YOUR TASK: Exactly the lines from the one containing "Utah, USA. 21st, January, 2017." through the one containing "CockyBoys: Austin Avery and Shane Cook" in the listing below are to be copied, with the pictures left out.

SOURCE MATERIAL:
__________
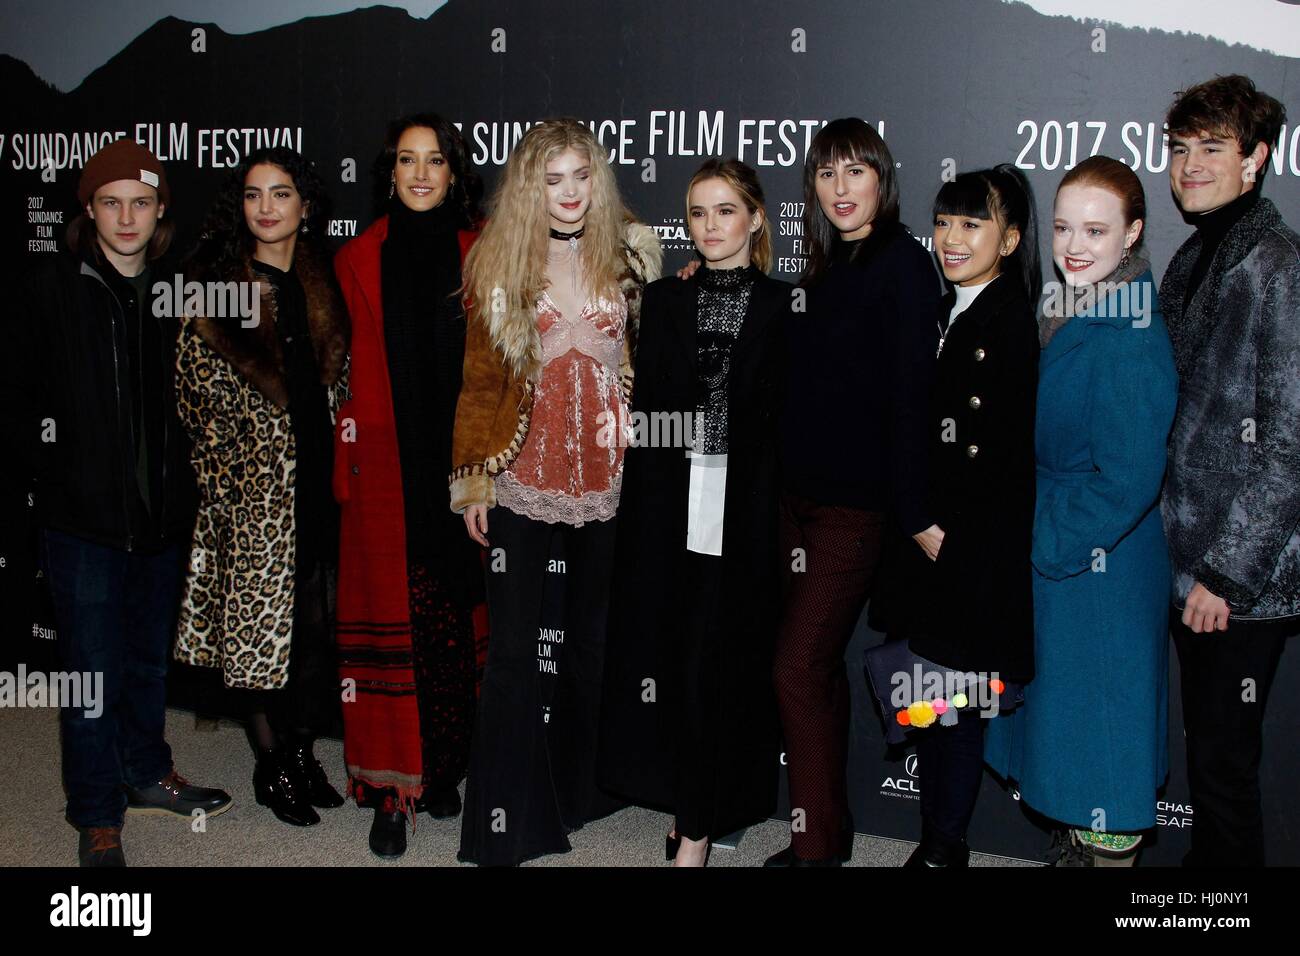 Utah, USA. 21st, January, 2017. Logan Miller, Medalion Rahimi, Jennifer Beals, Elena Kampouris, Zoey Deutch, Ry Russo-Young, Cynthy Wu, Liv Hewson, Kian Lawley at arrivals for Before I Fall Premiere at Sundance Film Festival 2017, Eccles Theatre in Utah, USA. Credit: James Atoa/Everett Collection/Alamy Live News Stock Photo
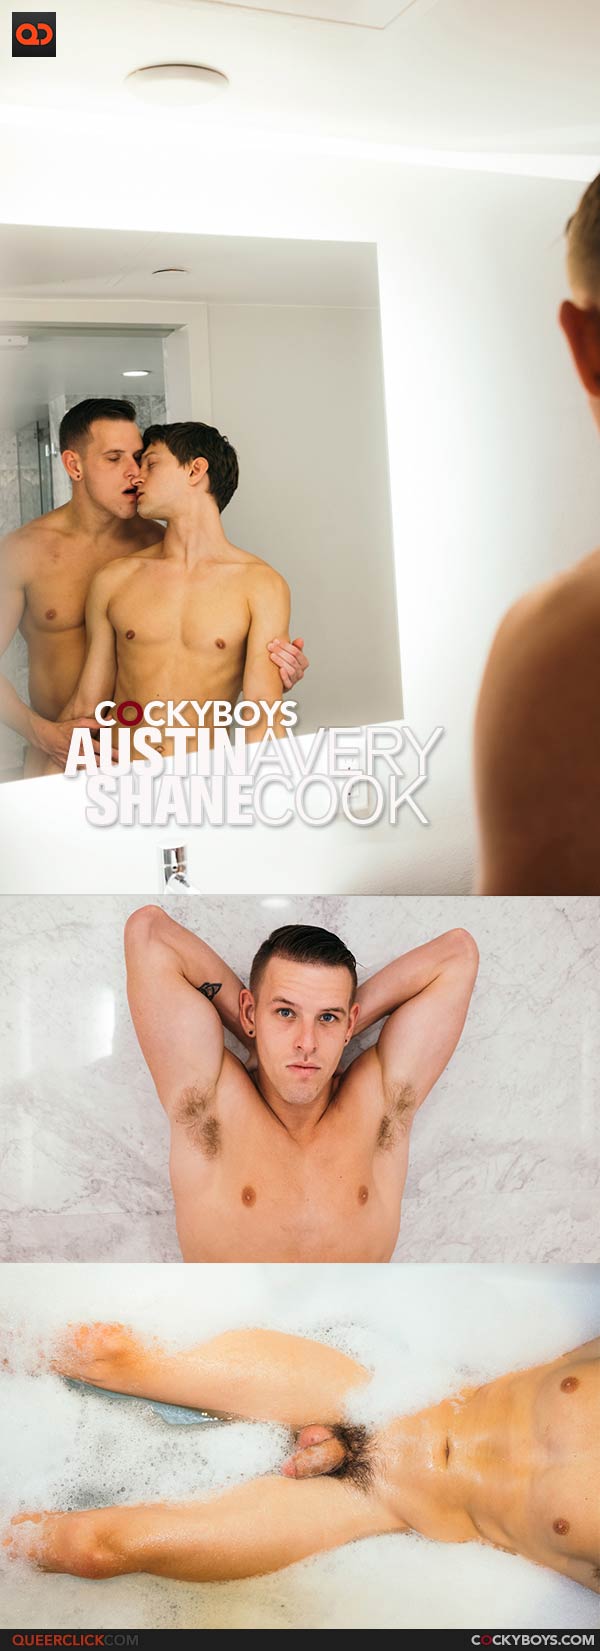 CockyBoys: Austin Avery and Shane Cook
__________
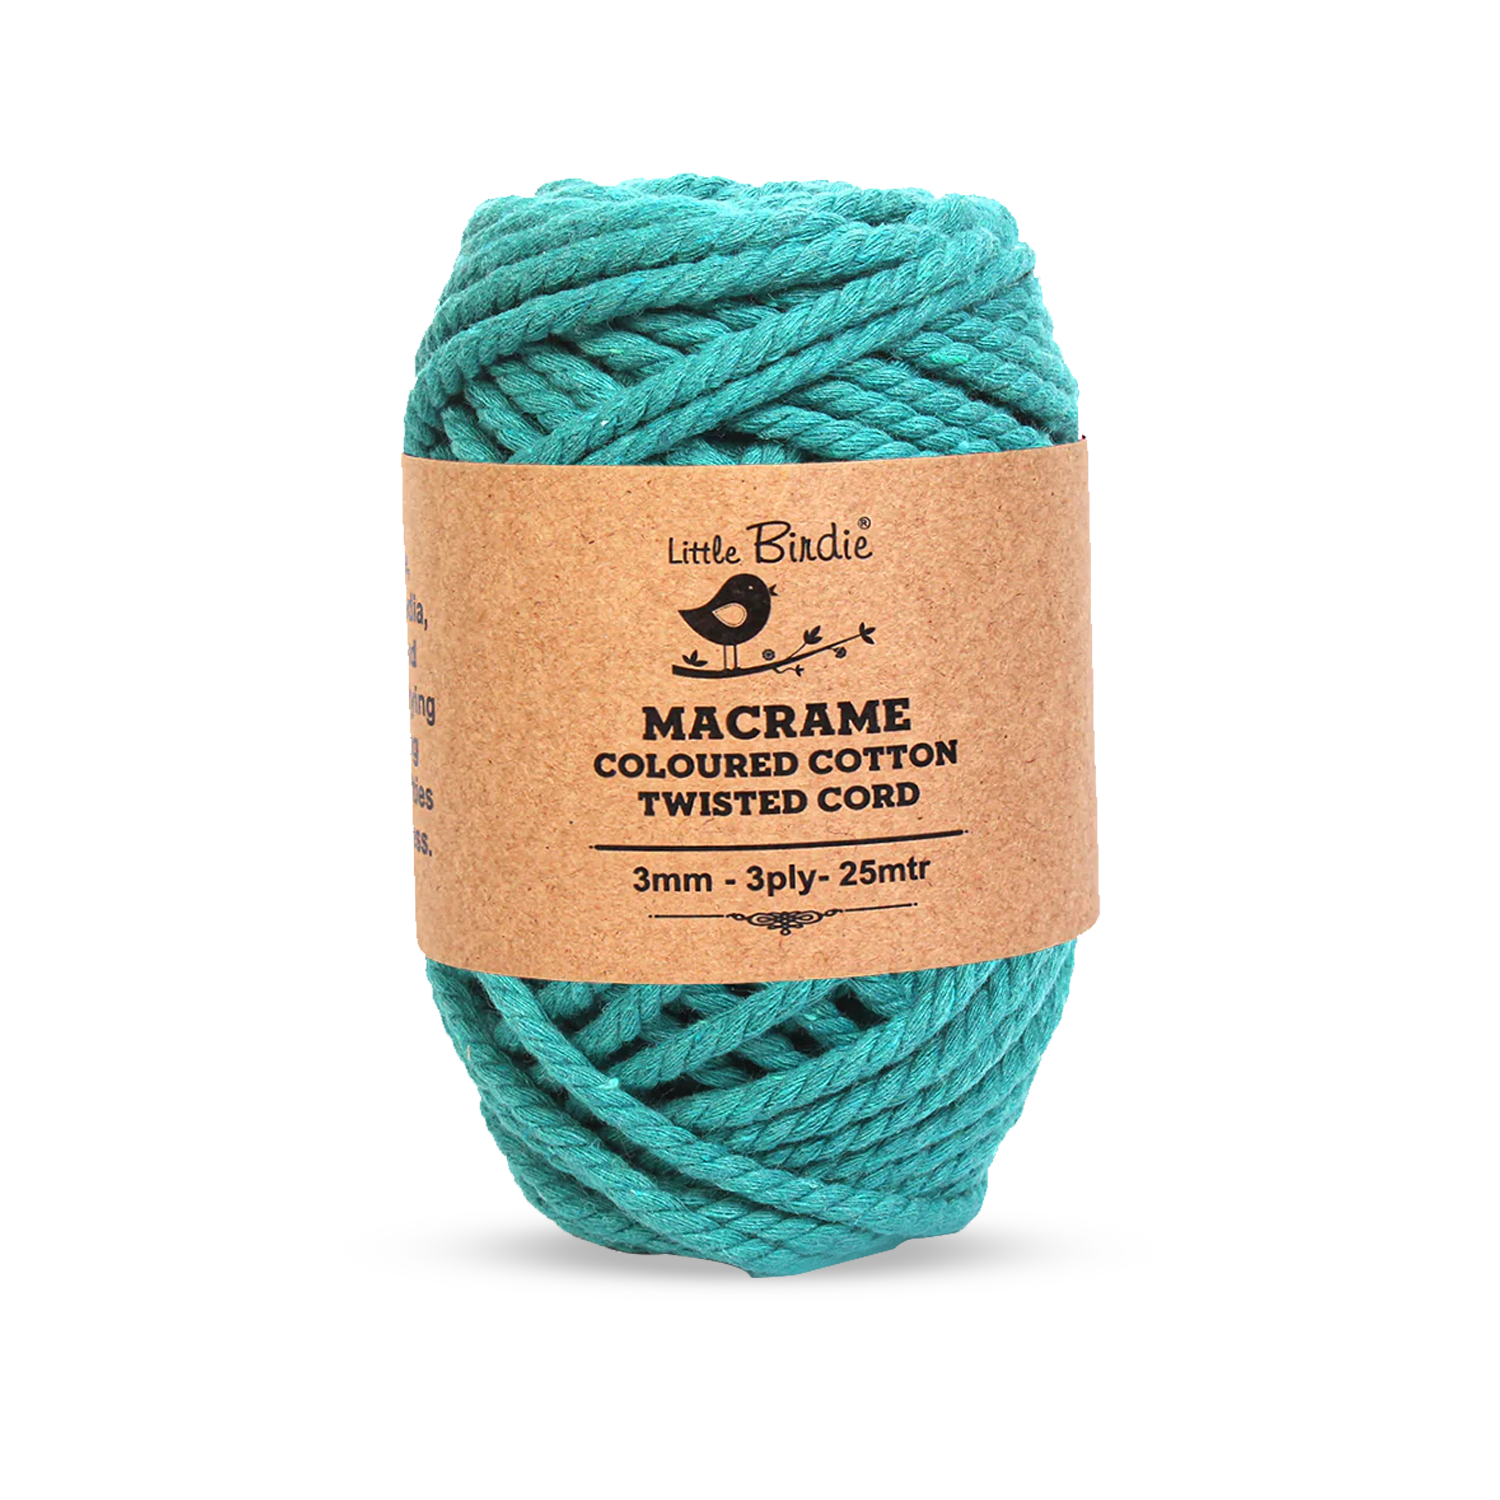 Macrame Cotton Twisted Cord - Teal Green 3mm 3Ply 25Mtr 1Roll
__________
PROBLEM SOLUTION:
 Utah, USA. 21st, January, 2017. Logan Miller, Medalion Rahimi, Jennifer Beals, Elena Kampouris, Zoey Deutch, Ry Russo-Young, Cynthy Wu, Liv Hewson, Kian Lawley at arrivals for Before I Fall Premiere at Sundance Film Festival 2017, Eccles Theatre in Utah, USA. Credit: James Atoa/Everett Collection/Alamy Live News Stock Photo
 CockyBoys: Austin Avery and Shane Cook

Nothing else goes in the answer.